[[ SOURCE MATERIAL open ]]
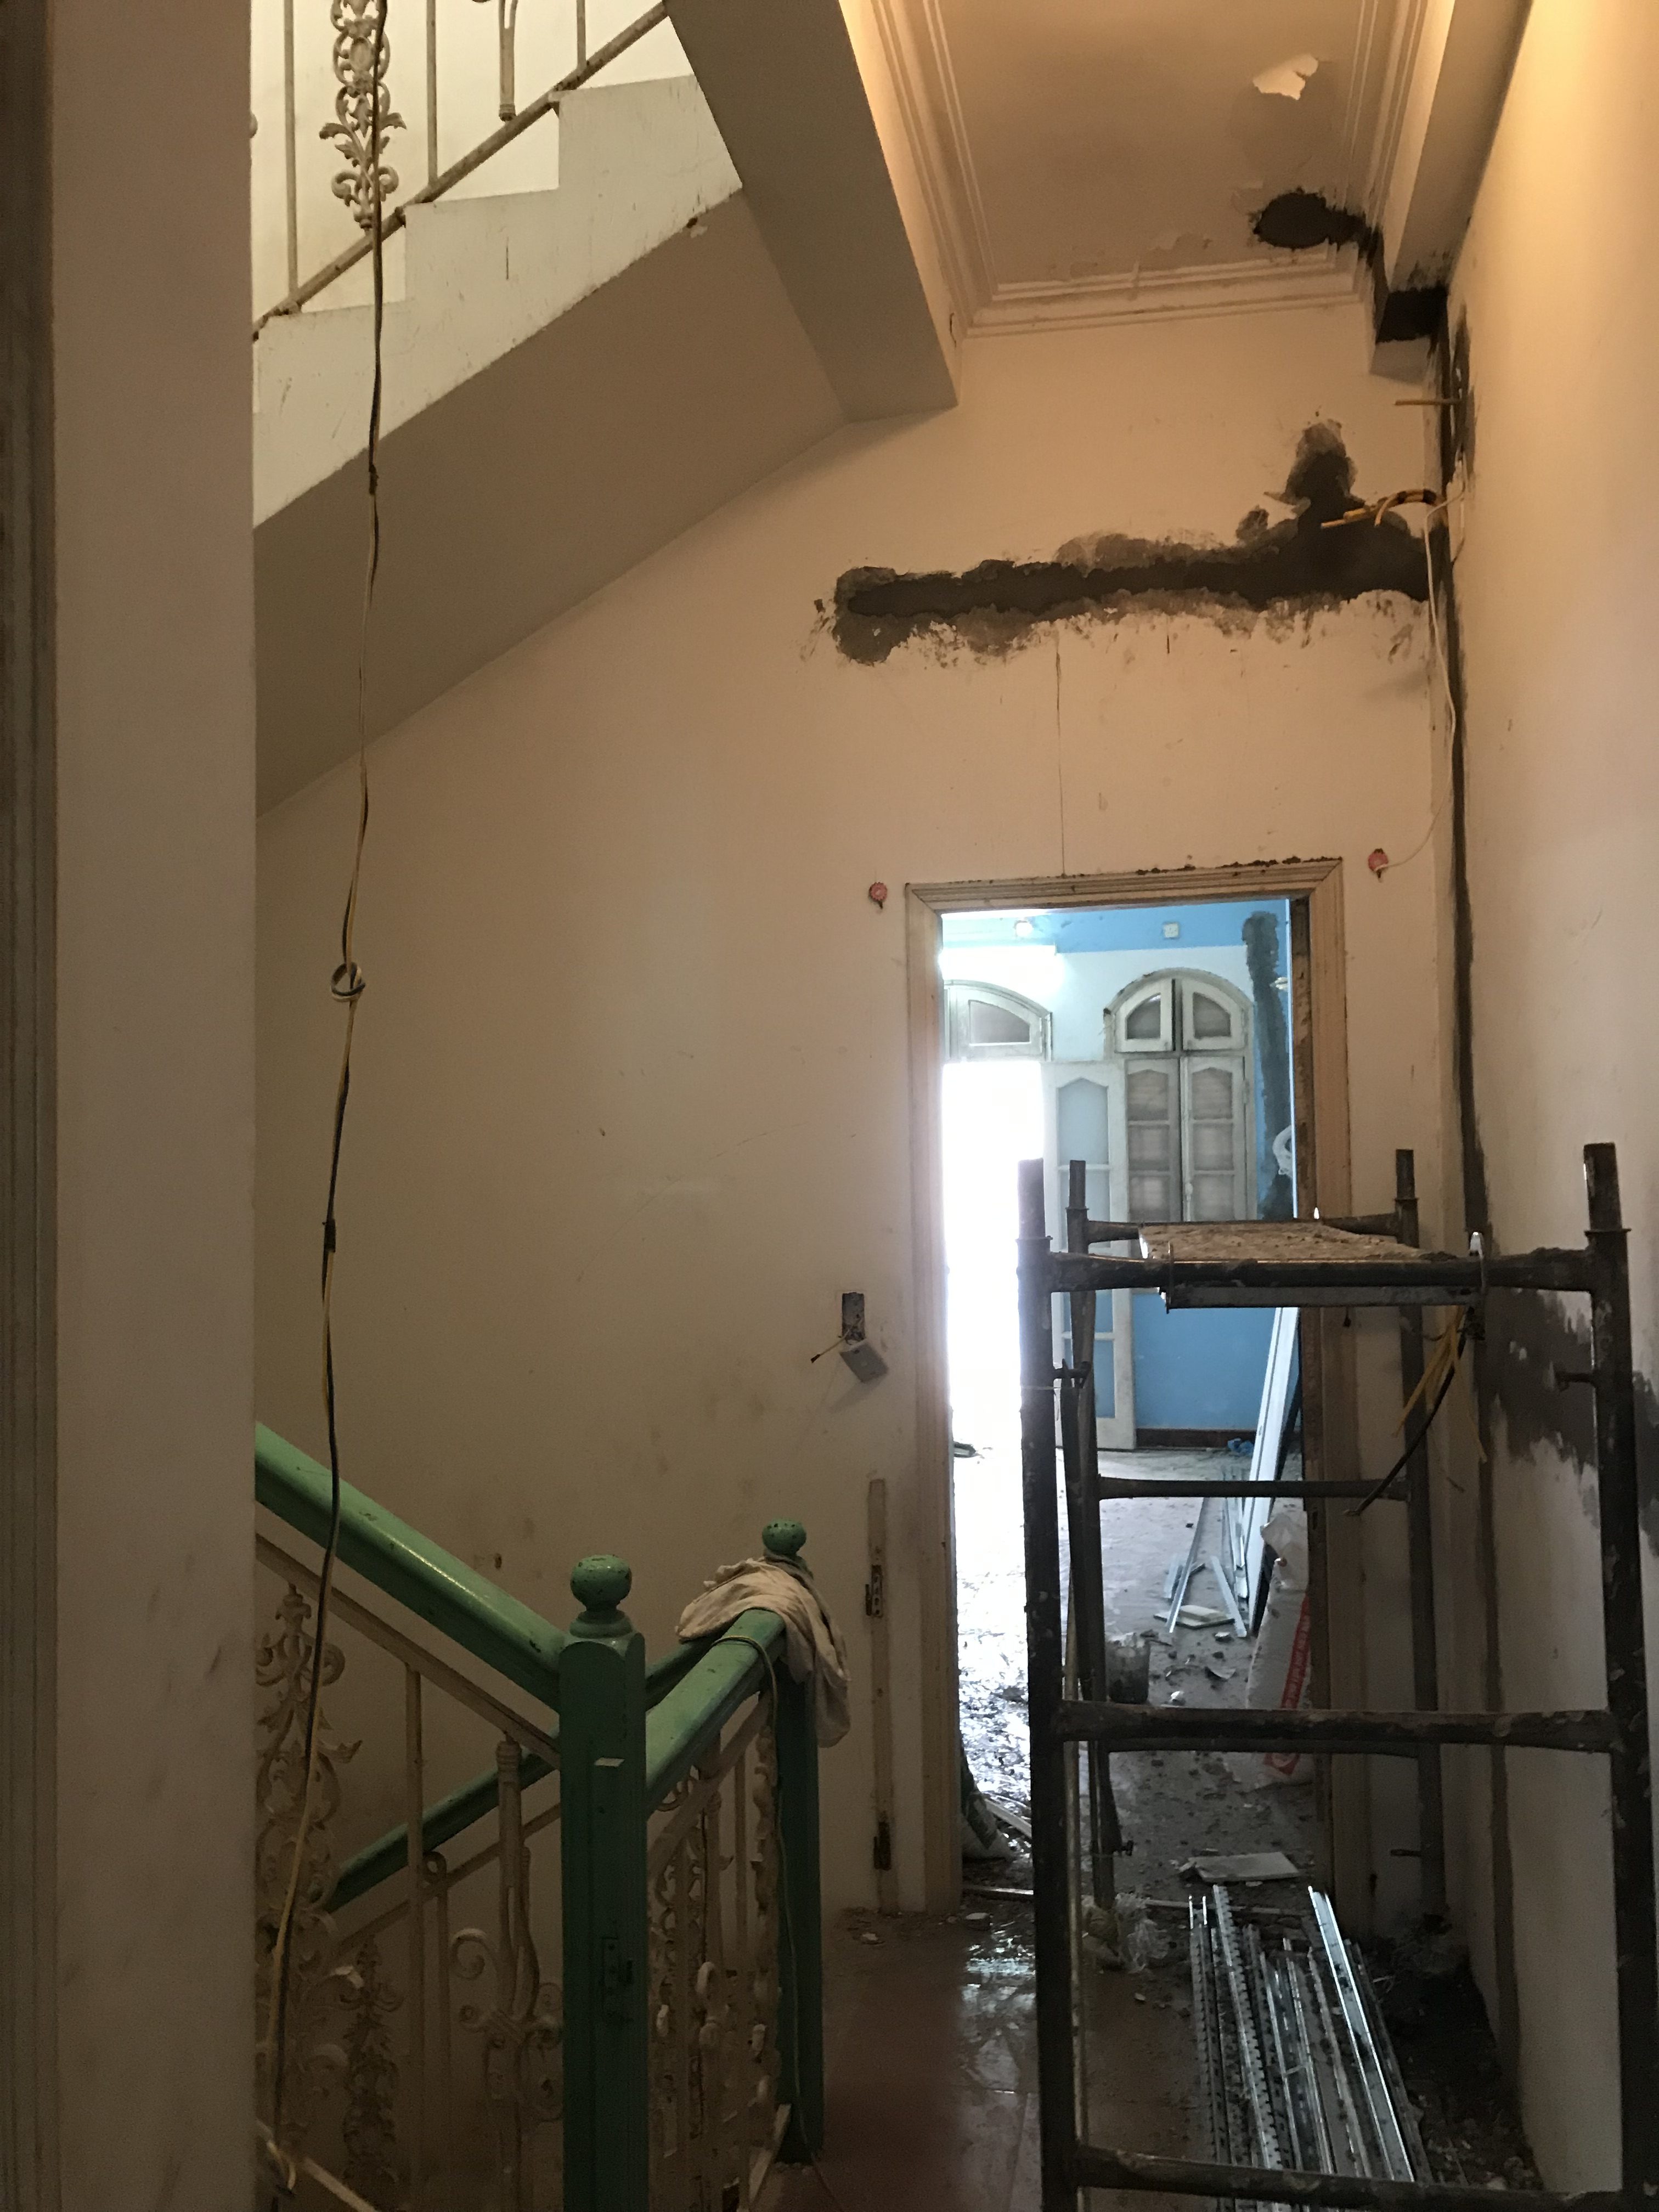 Quá trình Thi công sửa nhà 6 tầng trọn gói giá rẻ tại Hà Nội
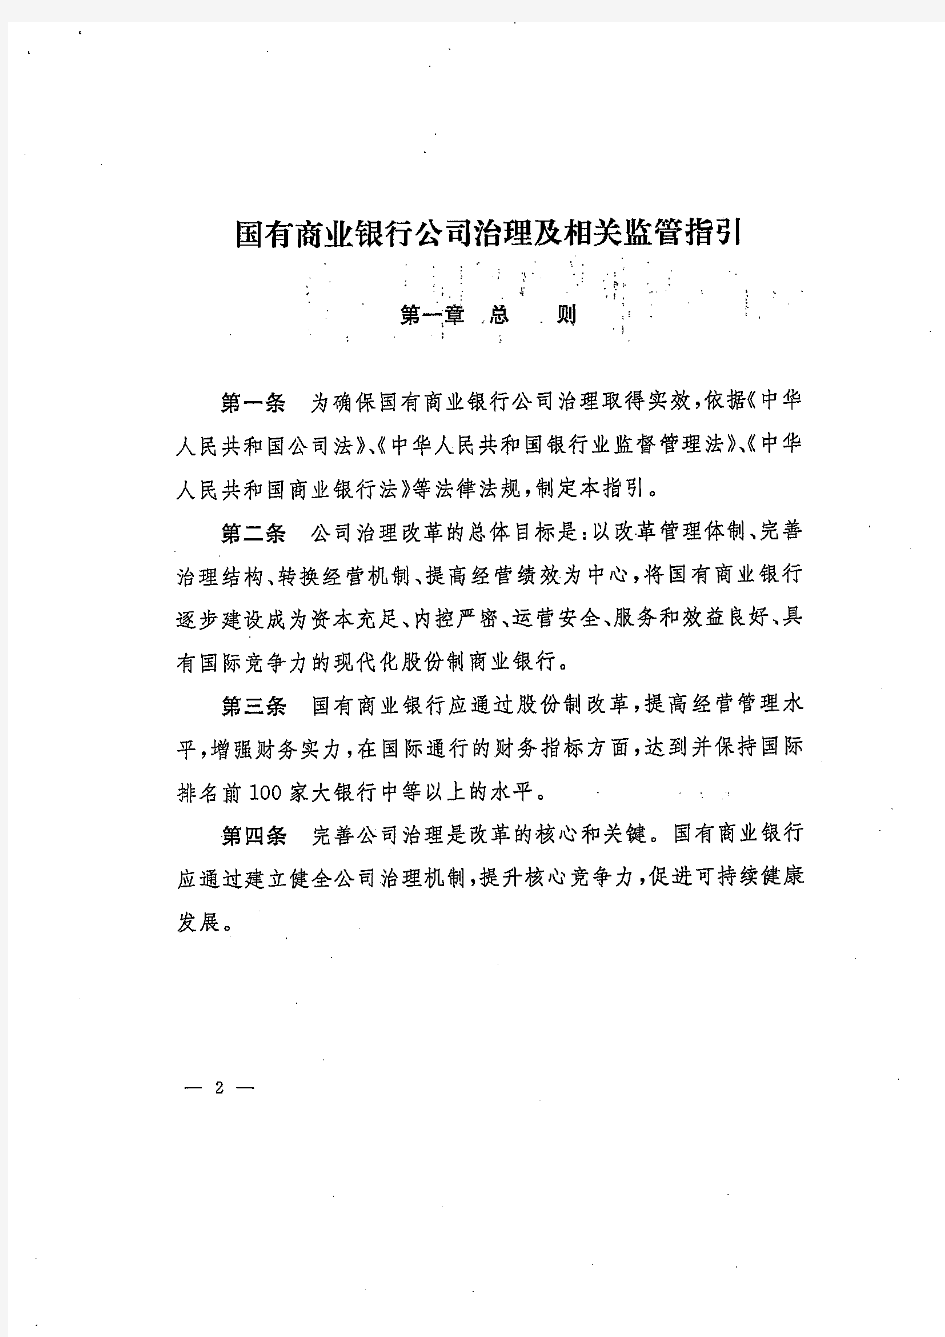 中国银行业监督管理委员会关于印发《国有商业银行公司治理及相关监管指引》的通知
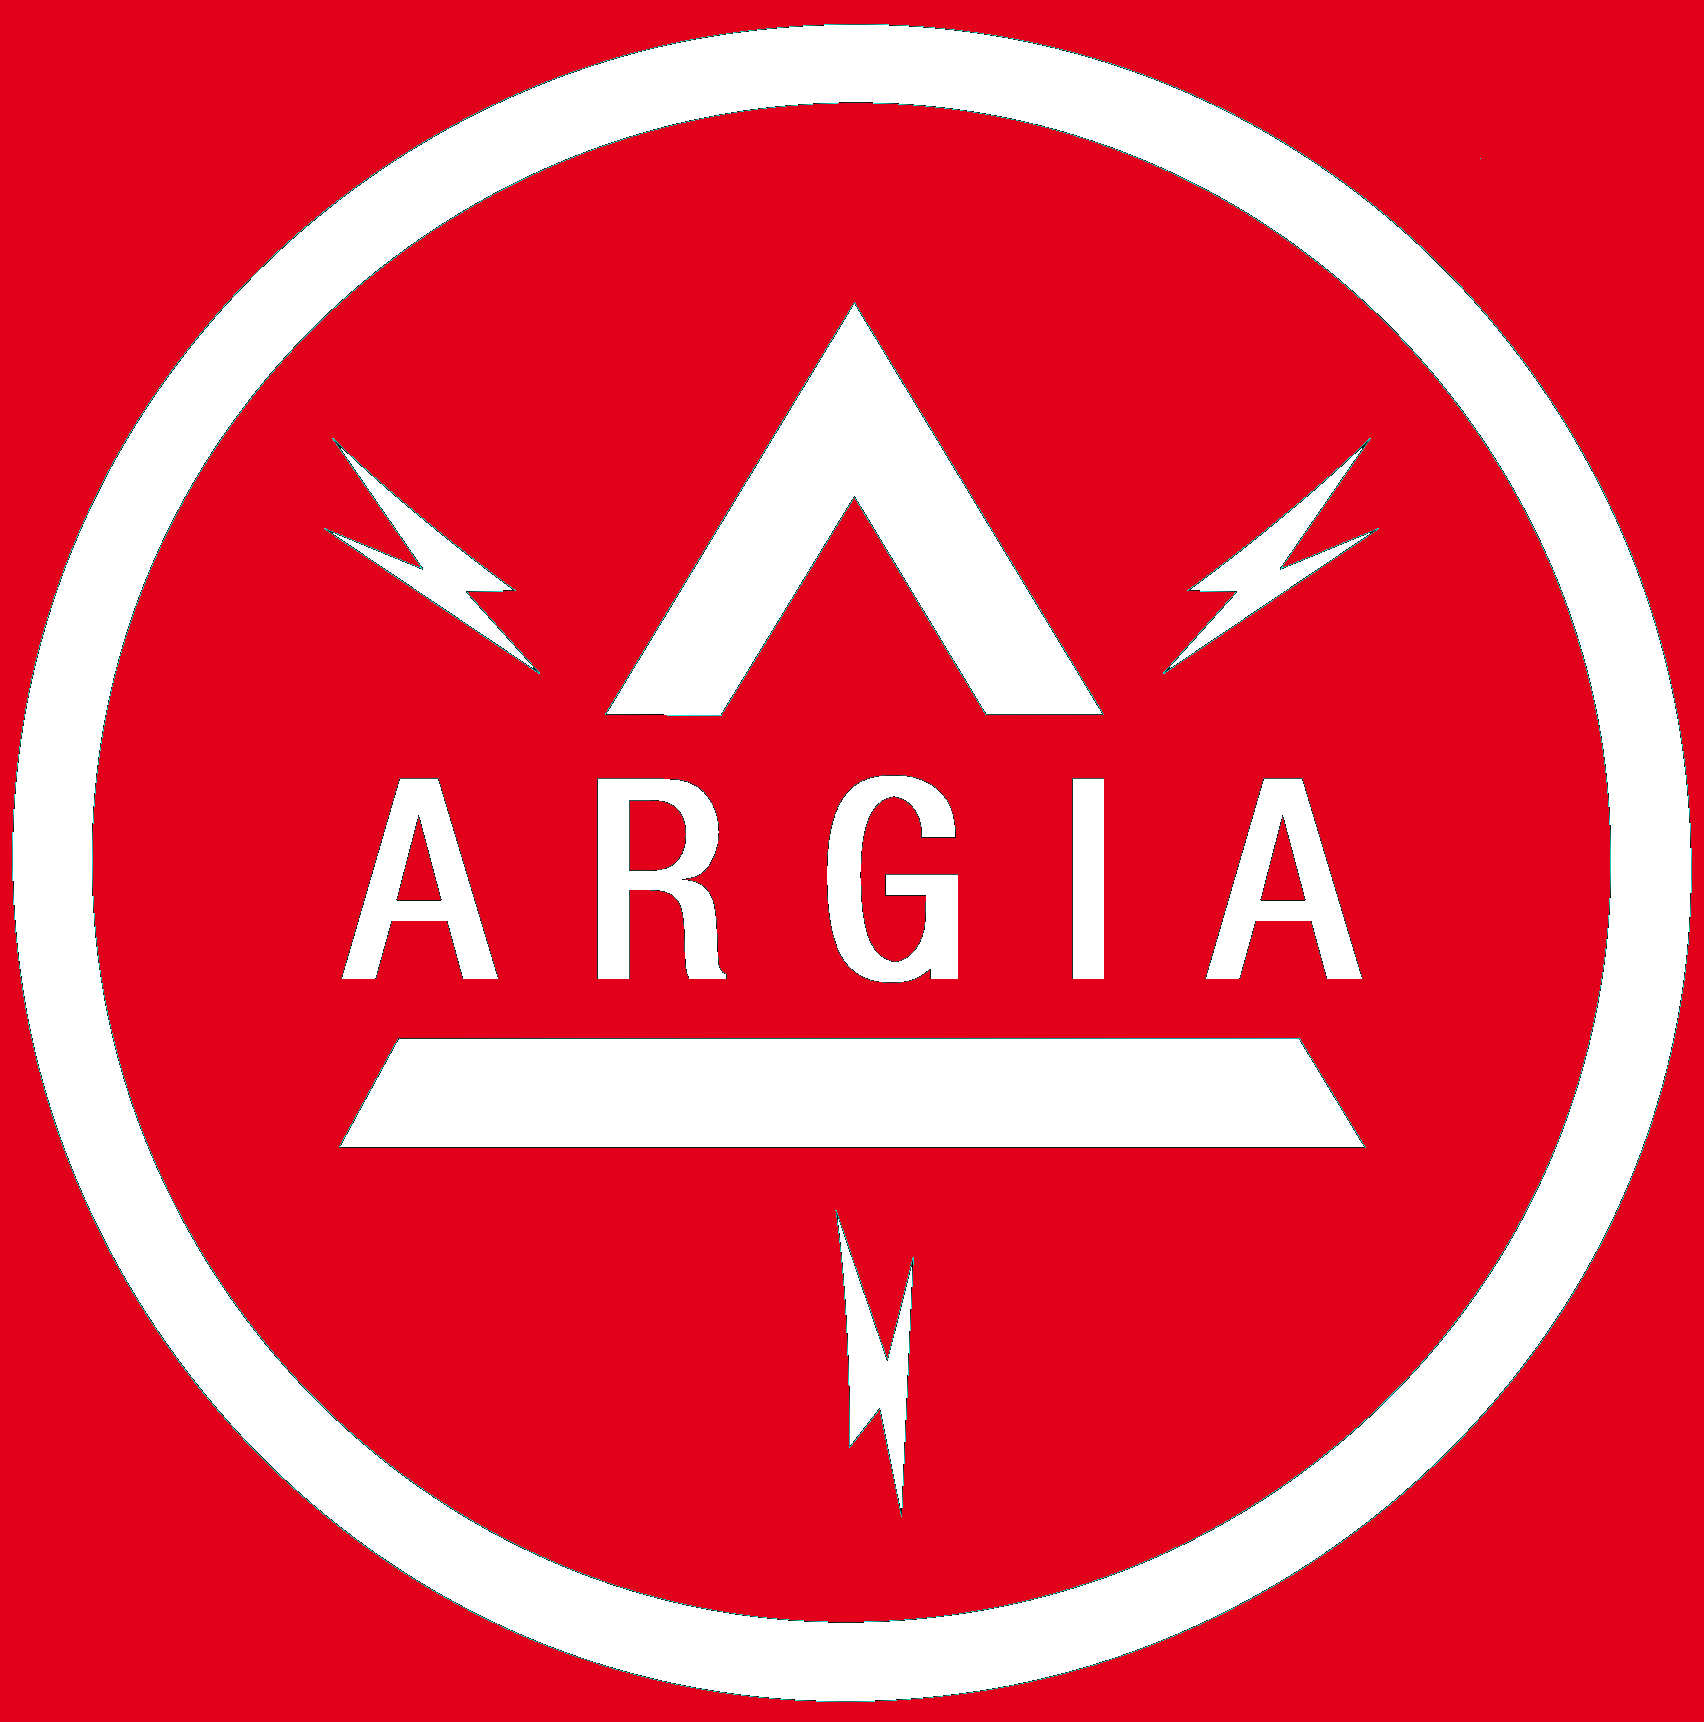 ARGIA TRANSFORMERS PVT. LTD
[[ SOURCE MATERIAL closed ]]
> [WHAT IS REQUIRED] What the task needs is the material above repeated exactly, pictures excepted.

> [ANSWER FOR THE TASK]
 Quá trình Thi công sửa nhà 6 tầng trọn gói giá rẻ tại Hà Nội
 中国银行业监督管理委员会关于印发《国有商业银行公司治理及相关监管指引》的通知
 ARGIA TRANSFORMERS PVT. LTD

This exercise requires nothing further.